A convocação de São Paulo VI, que repetidas vezes nos inspirou como interpelação, se configura agora como profecia: os olhares se voltam para Amazônia, pela riqueza da sua biodiversidade e de seus povos, e isto nos alegra; mas também olhares ambiciosos, que lançam sobre a região um avanço de depredação e ameaça à vida, e isto nos causa indignação. Como Igreja Católica, também nós, lançamos nosso olhar vigilante, nossa escuta contemplativa e esperançosa, nosso comprometimento inequívoco; levantamos nossa voz, renovamos os apelos à ecologia integral, ao cuidado com a casa comum, à proteção e preservação da região e renovamos nosso empenho como aliados dos povos desta Querida Amazônia.

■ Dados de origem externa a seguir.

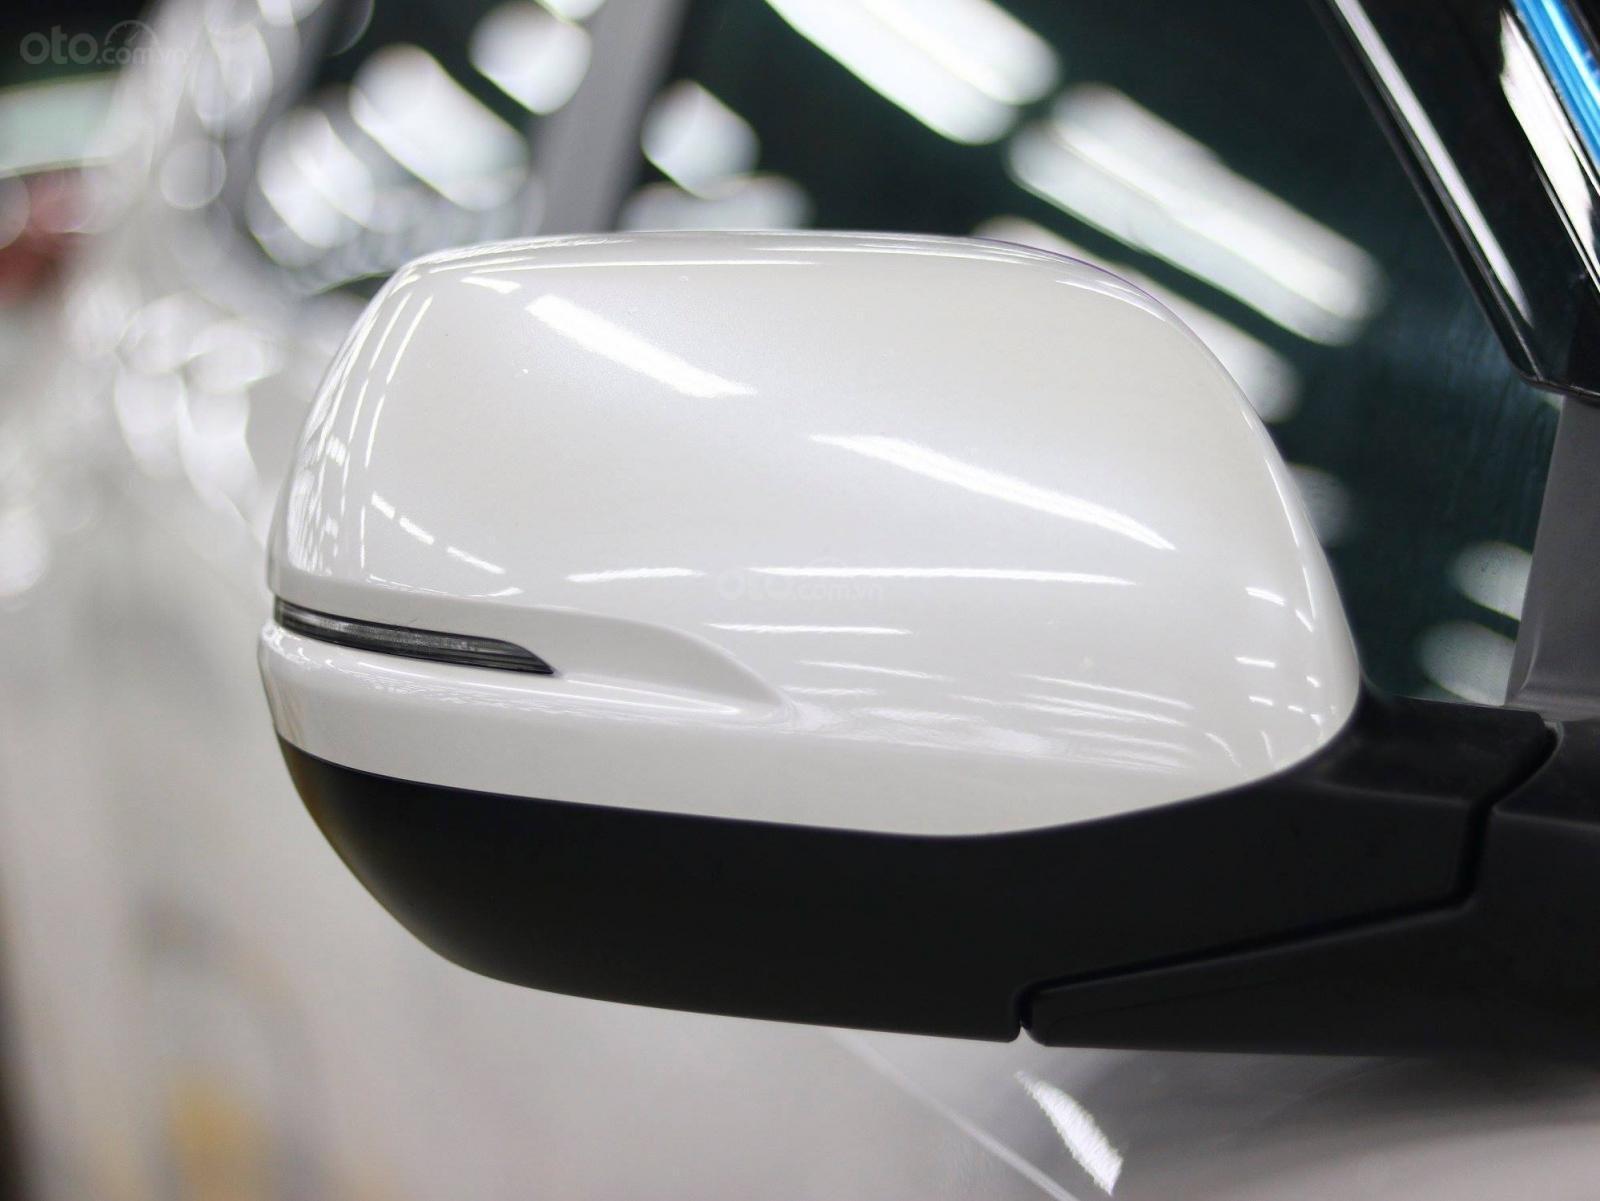 [SG -Giá tháng 7 âm] Honda CRV 2019 - Tặng phụ kiện, tiền mặt, bảo hiểm, phụ kiện hấp dẫn - LH: 0901.898.383-8

Nós, bispos da Amazônia, presbíteros e diáconos, religiosos e religiosas, cristãos leigos e leigas em profunda sintonia com o Sínodo Pan-Amazônico, reunidos nos dias 18 e 19 de maio de 2021, desta vez nos servindo das tecnologias de comunicação, de distantes nos fizemos próximos, como nos fazemos próximos do nosso povo como uma Igreja que se põe à escuta e acolhe as culturas e tradições amazônicas, expressão do Espírito de Deus. No exercício de nossa missão evangelizadora dirigimos esta mensagem a toda sociedade, aos povos da Amazônia, aos homens e mulheres comprometidos com a defesa da vida. E o fazemos profundamente sensibilizados pela situação de vulnerabilidade e ameaças que sofre toda casa comum, agravada pela pandemia da Covid-19, e pelo acirramento das disputas territoriais com expansão das atividades minerais e do agronegócio em terras de populações tradicionais. A consequência desse cenário de morte tem sido as inúmeras e incontáveis vítimas da pandemia. Chegamos aos quase 440.000 mortos, além dos que sucumbiram diante de processos de violência no campo e na cidade. Nos solidarizamos com todos os que tombaram vítimas do descaso e dos projetos de morte. Como o salmista, reconhecemos a preciosidade da vida de cada homem e de cada mulher que partiu: “É de alto preço, aos olhos do Senhor, a morte dos seus fiéis” (Sl 116,15).

Nosso olhar vigilante

 

Acompanhamos estarrecidos, mas não inertes, o desenrolar de um arquitetado projeto genocida que, por sua vez, revela o devastador agravamento de uma crise que escancara a pobreza diante da escandalosa concentração de riquezas. Este é o sinal evidente da perversidade de uma economia de mercado, embasada no capital especulativo, que se alimenta das necessidades dos estados nacionais, fazendo destes seus novos consumidores. Assim, o capital sequestra a autonomia dos Estados, exige e dita os novos rumos da política, rompe com as históricas conquistas sociais, desmonta as instituições e políticas de seguridade, alimenta-se das posturas extremistas, que por sua vez buscam na religião sua legitimidade de expressão. Essa perversidade busca revestir-se de um maquiado desejo de liberdade e de autonomia diante da lei, derruba os marcos legais que garantem o equilíbrio das relações e a salvaguarda do bem comum. As lutas das populações da Amazônia têm diante de si o escandaloso desafio da pretensiosa legalidade do ilícito. Ou apelamos para a garantia legal da vida e dos territórios, ou nos defendemos quando o extermínio se torna lei!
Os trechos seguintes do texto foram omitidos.